4.7.0 kernels don't have this problem: the pings go out and everything is fine no matter how fast you repeat the script.
I bisected the bug to:
I had to skip 7c9664351980aaa6a4b8837a314360b3a4ad382a because it wouldn't boot... just panic on every try. So I can't narrow it any closer than within 2
I played with all the sysctls that looked relevant, like: ratelimit, per_sec, max, etc. I modified everything I could find but nothing made the problem go away, though I *think* some had a modest effect on how many times I could run the script before the error popped up, but even if I took them to extreme values the bug never went away. I'm back to the Fedora defaults now, and can attach on request.
Version-Release number of selected component (if applicable):
(4.8.8 and 4.8.10 also have the bug, one other guy who has experienced this on Ubuntu claims it's anything above 4.8.4
Steps to Reproduce:
1. Boot into 4.8.8+ kernel
2. modprobe iptable_nat
3. nmap -PE 192.168.100.0/24 (use your subnet)
or run my attached script which, makes it even clearer, after modifying the subnet. Might have to repeat the nmap or script rapidly sequentially a few times.
Starting Nmap 7.12 ( https://nmap.org ) at 2016-12-08 01:33 CST
sendto in send_ip_packet_sd: sendto(5, packet, 44, 0, 192.168.100.131, 16) => Operation not permitted
Offending packet: TCP 192.168.100.1:38593 > 192.168.100.131:143 S ttl=53 id=5409 iplen=44 seq=3581424515 win=1024 <mss 1460>
sendto in send_ip_packet_sd: sendto(5, packet, 44, 0, 192.168.100.2, 16) => Operation not permitted
no errors, normal nmap output
I've also posted this info to LKML, CC the committers, with the same subject, no replies yet.
Fedora 23 changed to end-of-life (EOL) status on 2016-12-20. Fedora 23 is
no longer maintained, which means that it will not receive any further
security or bug fix updates. As a result we are closing this bug.

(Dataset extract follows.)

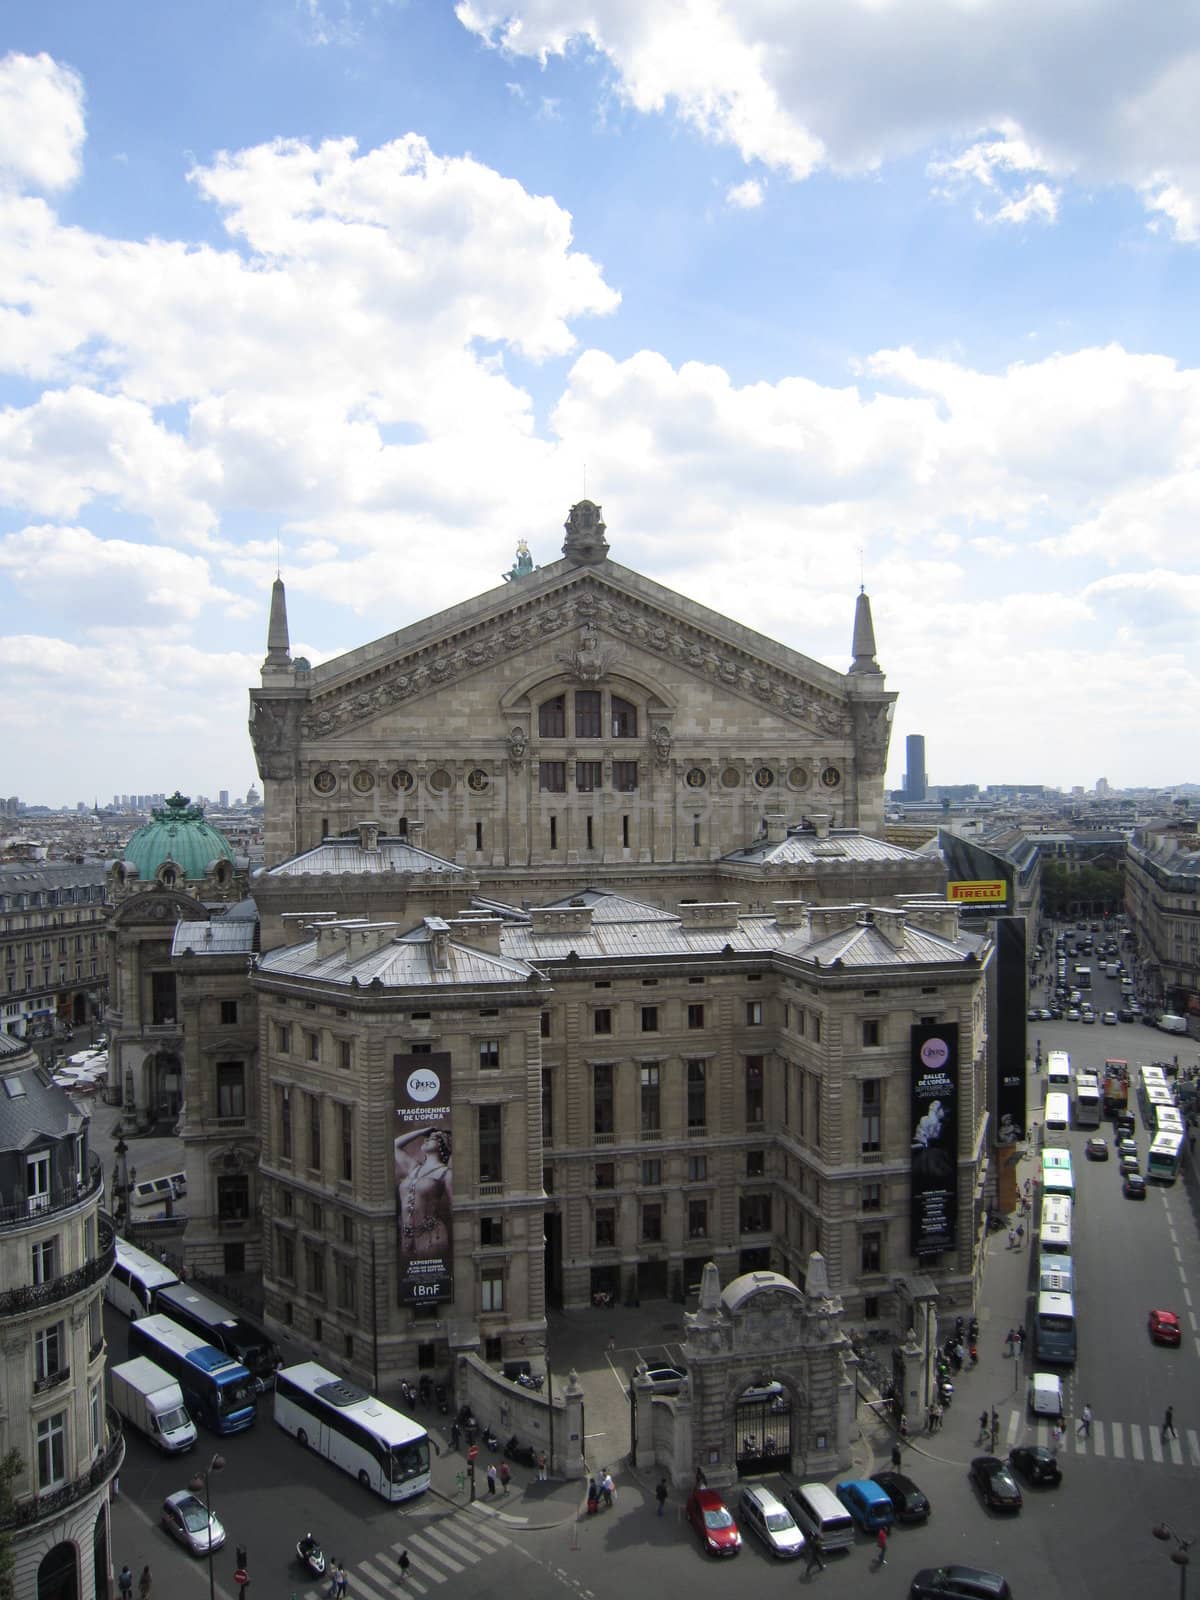 The Opera building in Paris

If you can reproduce this bug against a currently maintained version of
Fedora please feel free to reopen this bug against that version. If you
are unable to reopen this bug, please file a new report against the
current release. If you experience problems, please add a comment to this
Thank you for reporting this bug and we are sorry it could not be fixed.
Bug remains in F24, which I just upgraded to. LKML guys have seen my bug request and are looking into it. I will report back.
LKML guys have come up with a patch and added it to 4.8-stable review, as per the following:
[PATCH 4.8 83/85] Revert "netfilter: nat: convert nat bysrc hash to rhashtable"
[PATCH 4.8 84/85] Revert "netfilter: move nat hlist_head to nf_conn"
They simply reverted the 2 commits I bisected to. They say a "real" fix has been done in 4.9.
I suppose this will roll around into F24's kernel errata eventually and then we can close this bz?
FYI, I found this ticket in my quest to resolve the same issues I was seeing with nmap - albeit on a different Linux 4.8 distribution. Cross-linking to http://unix.stackexchange.com/q/337082/83846, in case the details there are helpful for anyone else experiencing this. Looking forward for 4.9 to become officially available on our respective distributions!
As of kernel 4.9.5-100.fc24.x86_64 this bug is fixed. Apparently the LKML guys have tweaked the 4.8 stable to fix this bug as well, but I have not tested that. Closing bug. Thanks!